YOUR INSTRUCTIONS
Give the data below again exactly as written, but without the pictures.

SUPPLIED INFORMATION
+ + + +
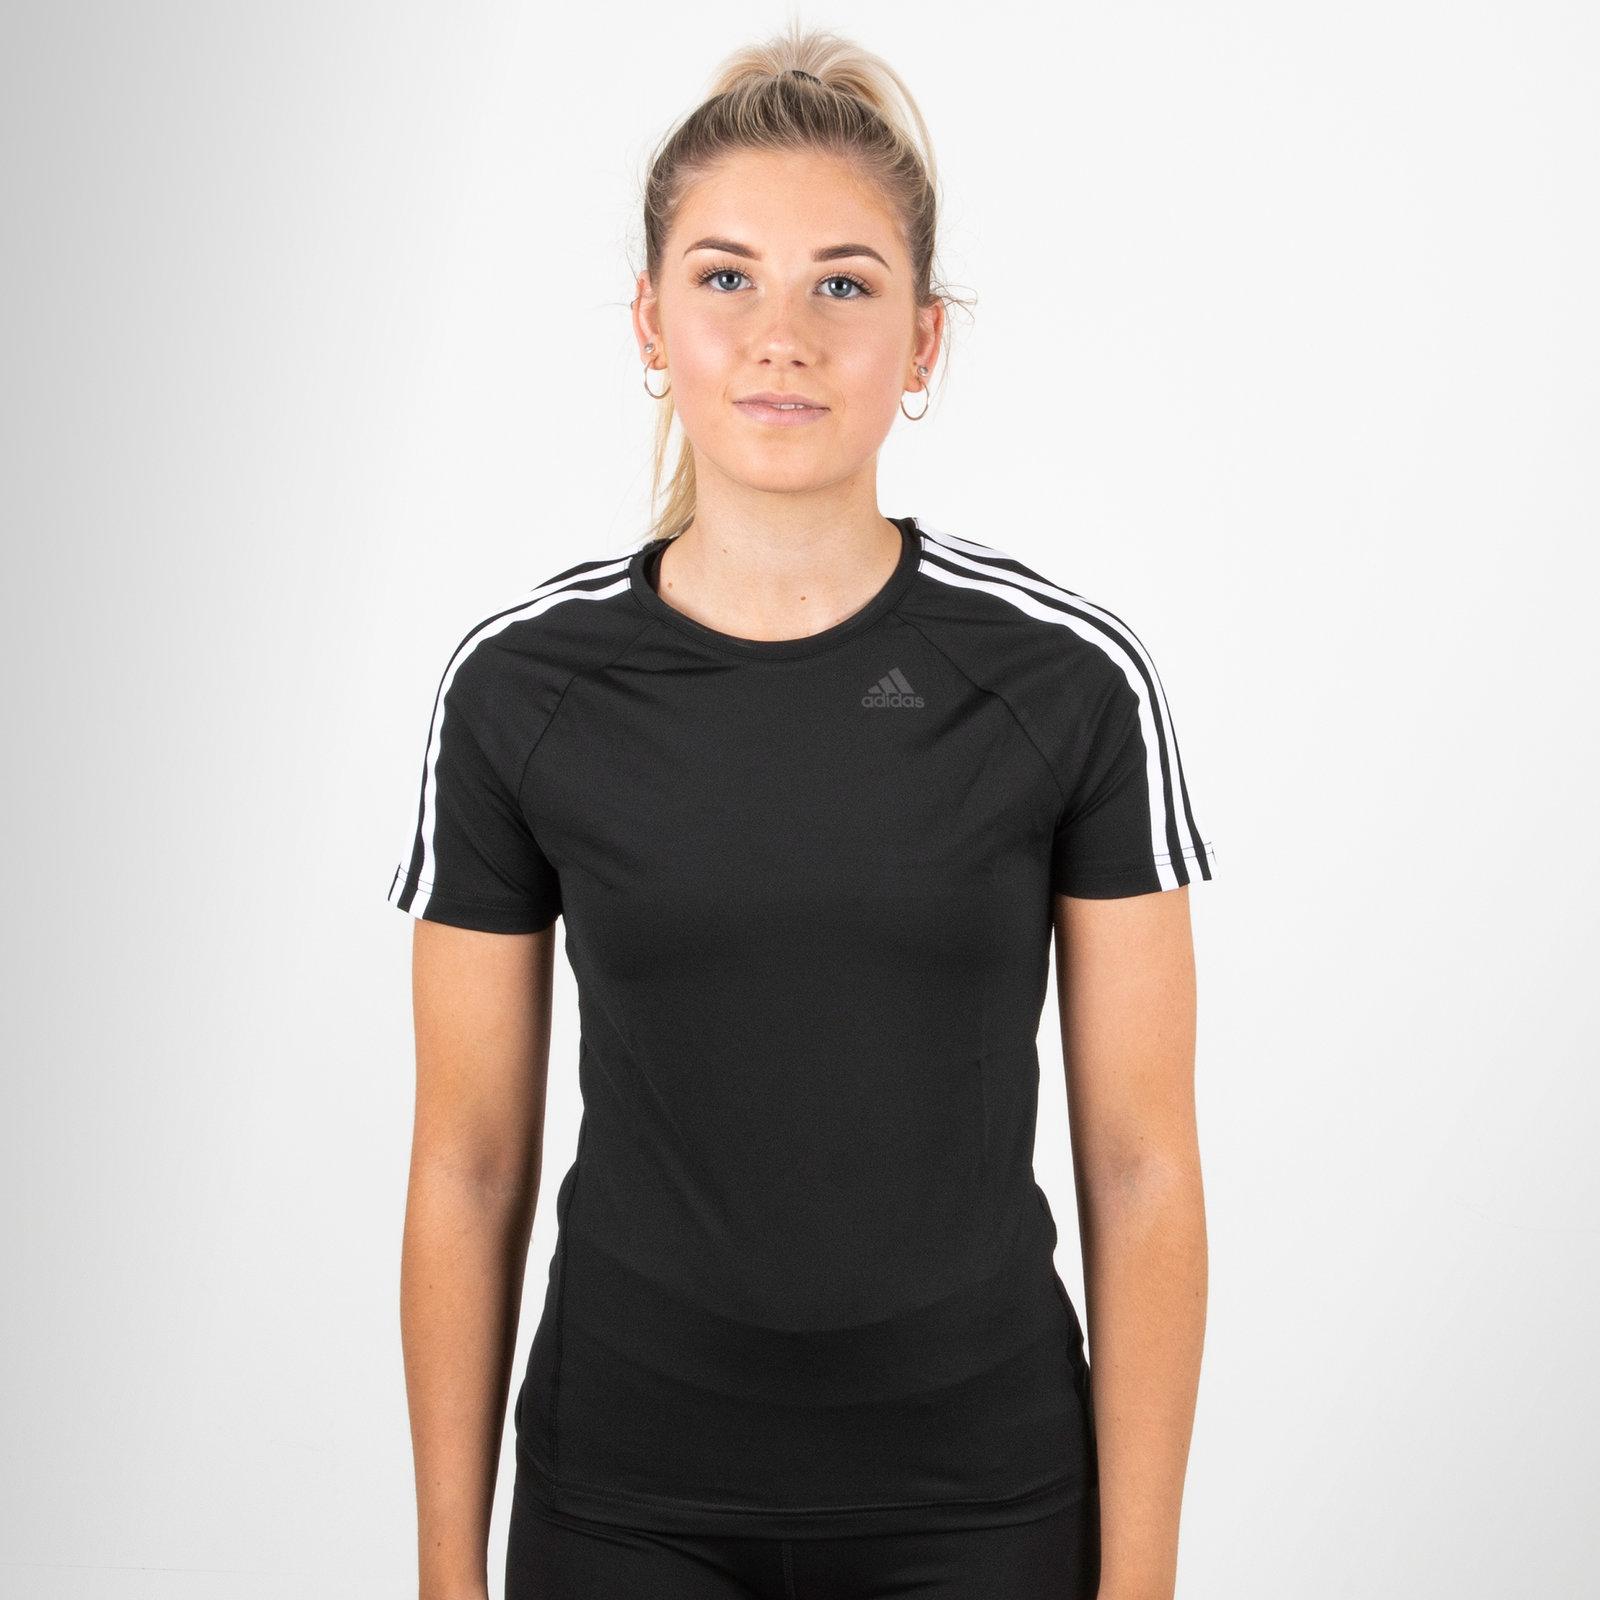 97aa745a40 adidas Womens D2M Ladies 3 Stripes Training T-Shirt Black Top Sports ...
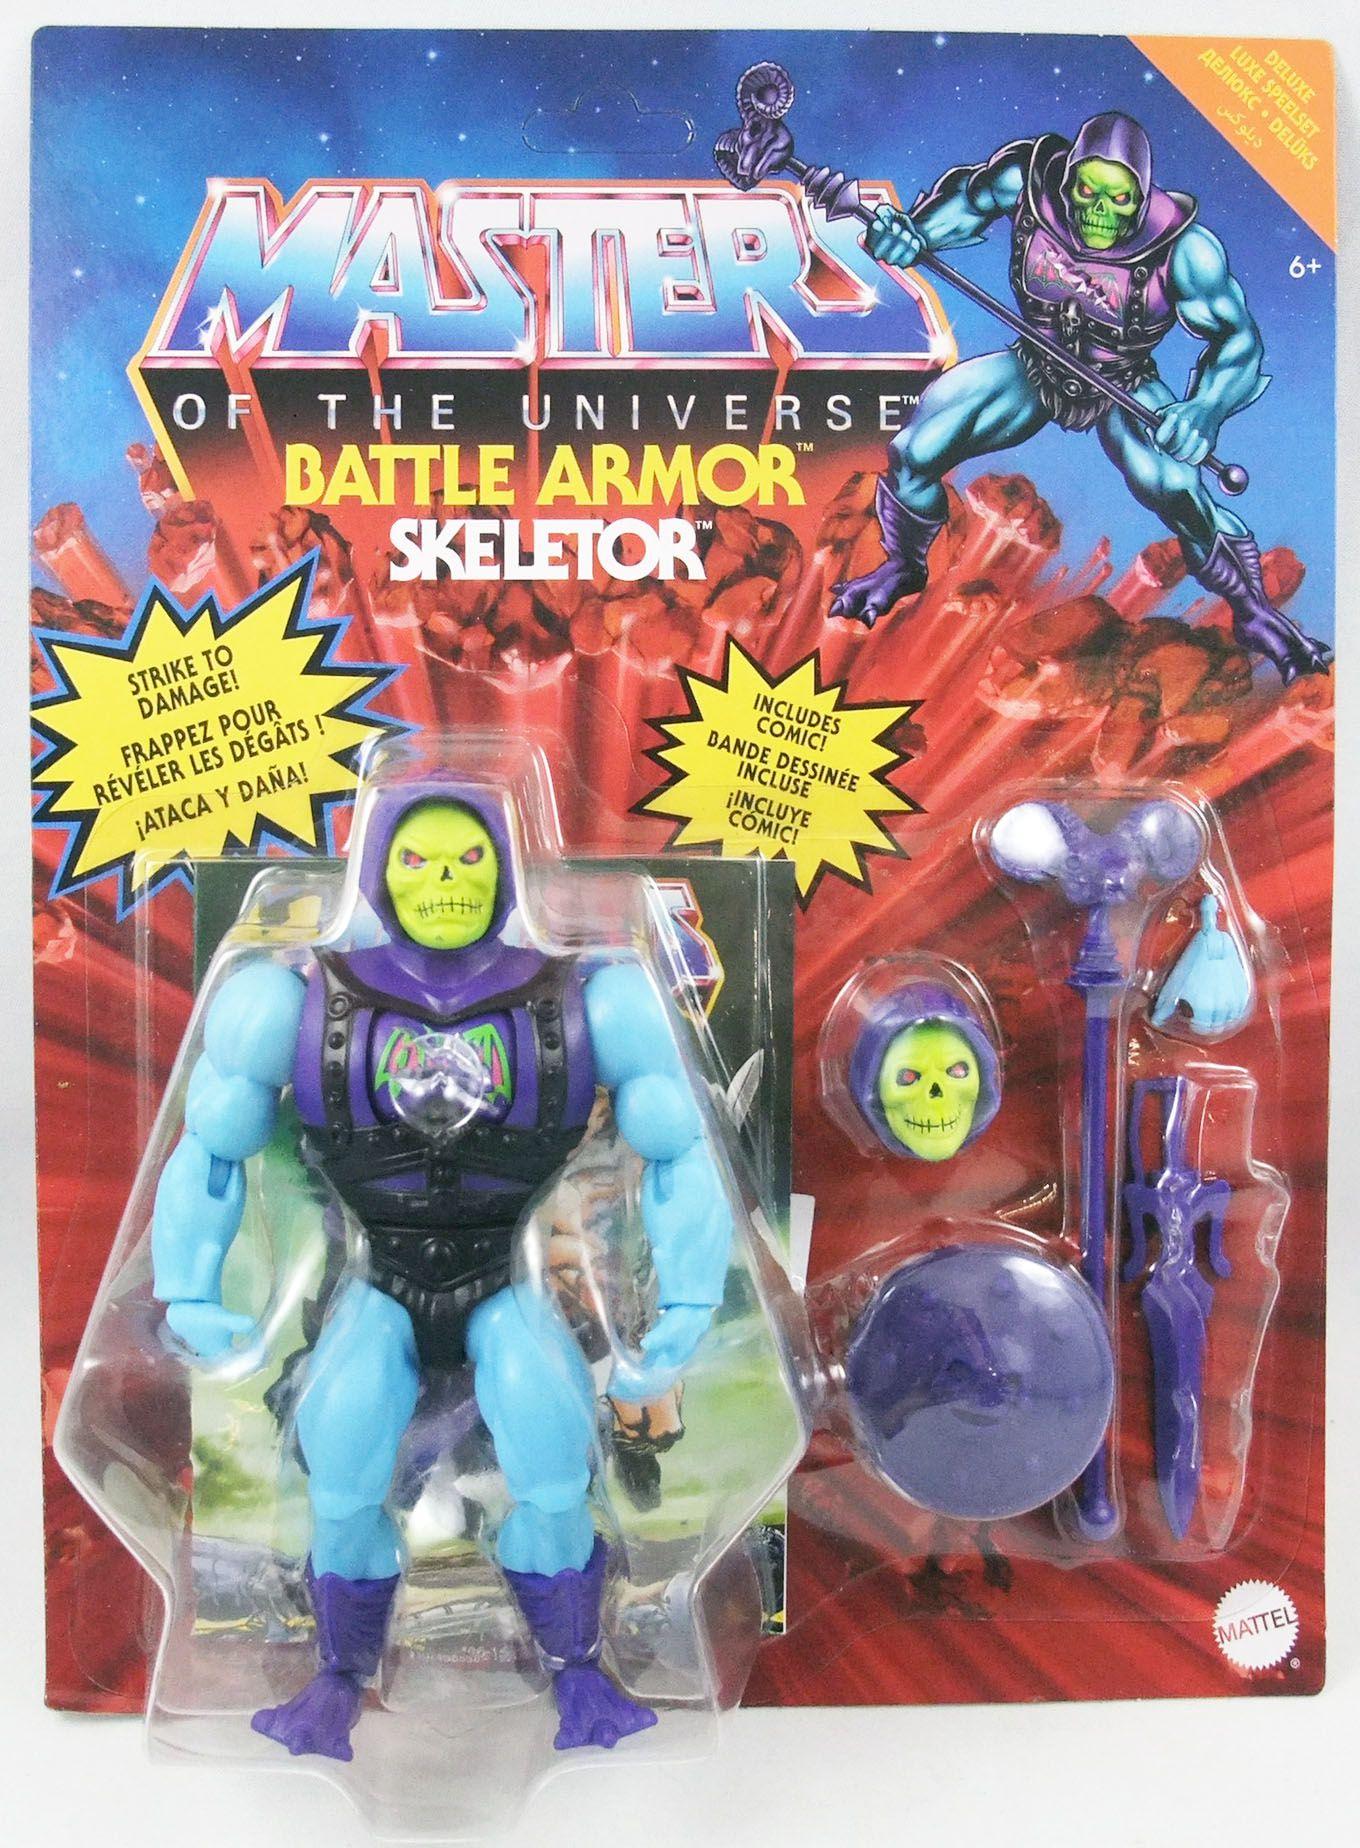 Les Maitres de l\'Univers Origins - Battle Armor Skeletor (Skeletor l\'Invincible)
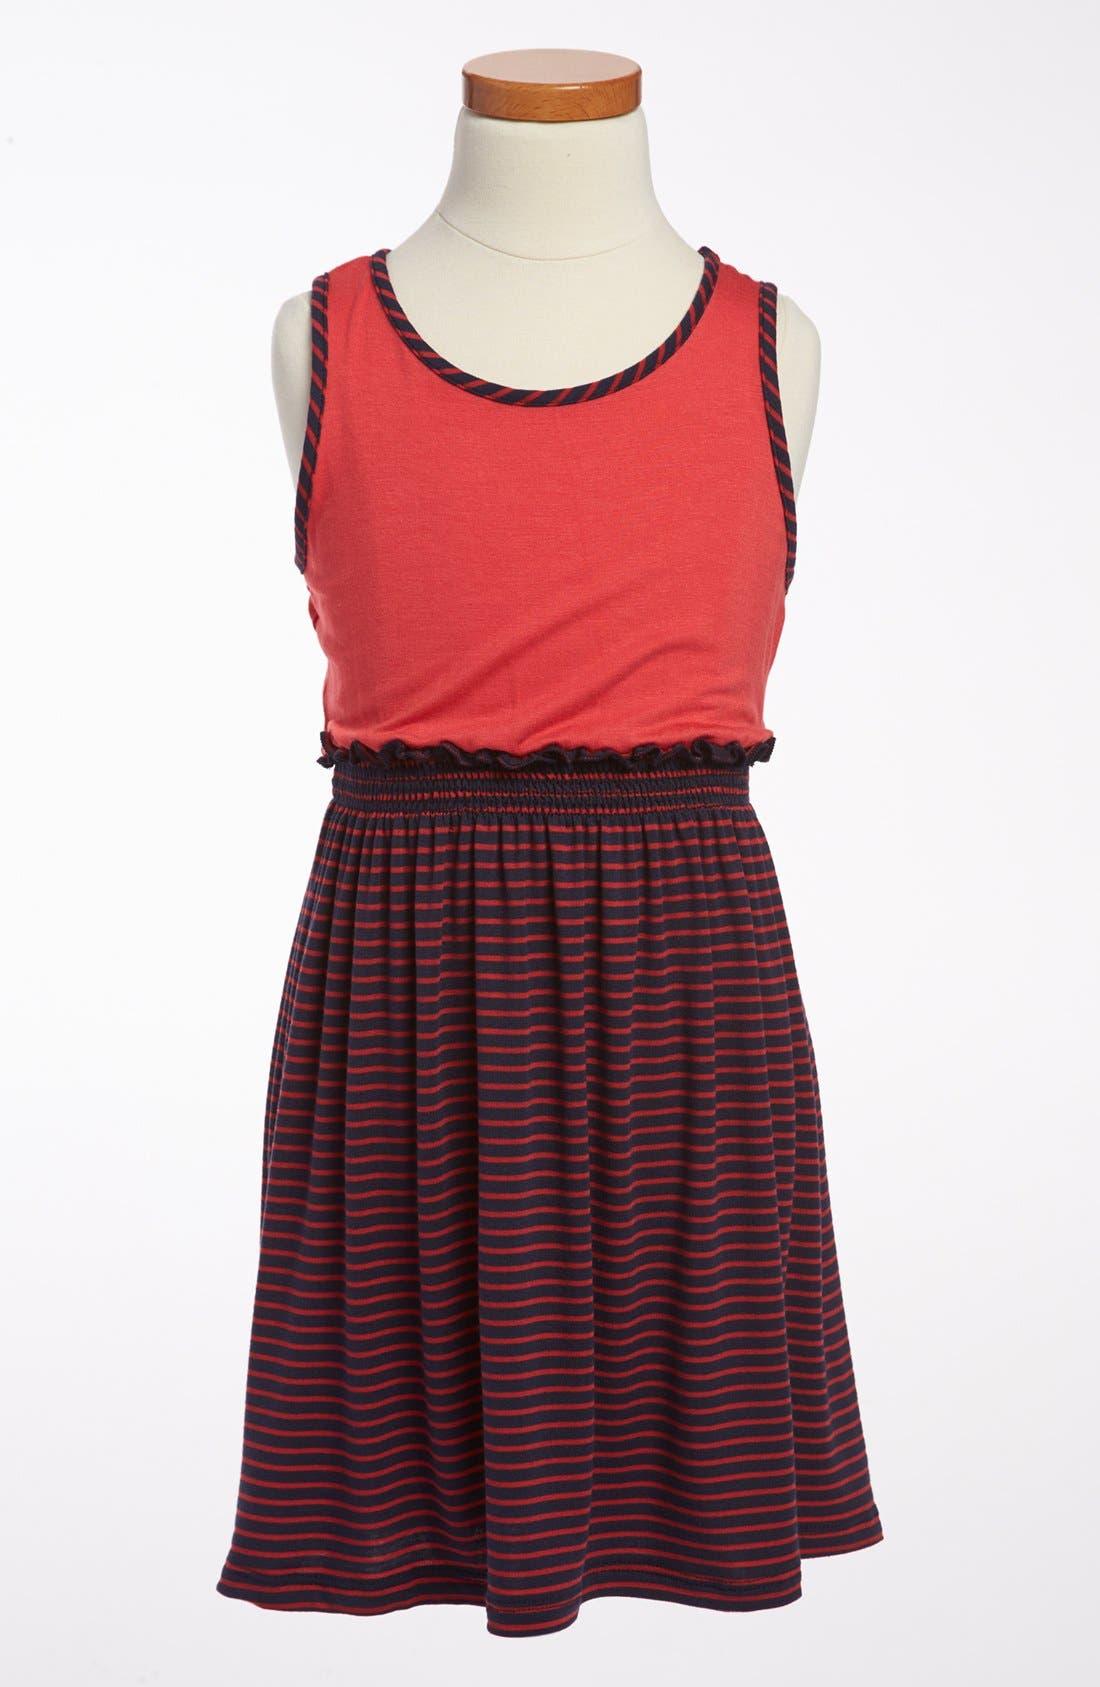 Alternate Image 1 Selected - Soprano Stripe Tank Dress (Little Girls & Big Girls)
+ + + +
RESPONSE TO THE EXERCISE
 97aa745a40 adidas Womens D2M Ladies 3 Stripes Training T-Shirt Black Top Sports ...
 Les Maitres de l\'Univers Origins - Battle Armor Skeletor (Skeletor l\'Invincible)
 Alternate Image 1 Selected - Soprano Stripe Tank Dress (Little Girls & Big Girls)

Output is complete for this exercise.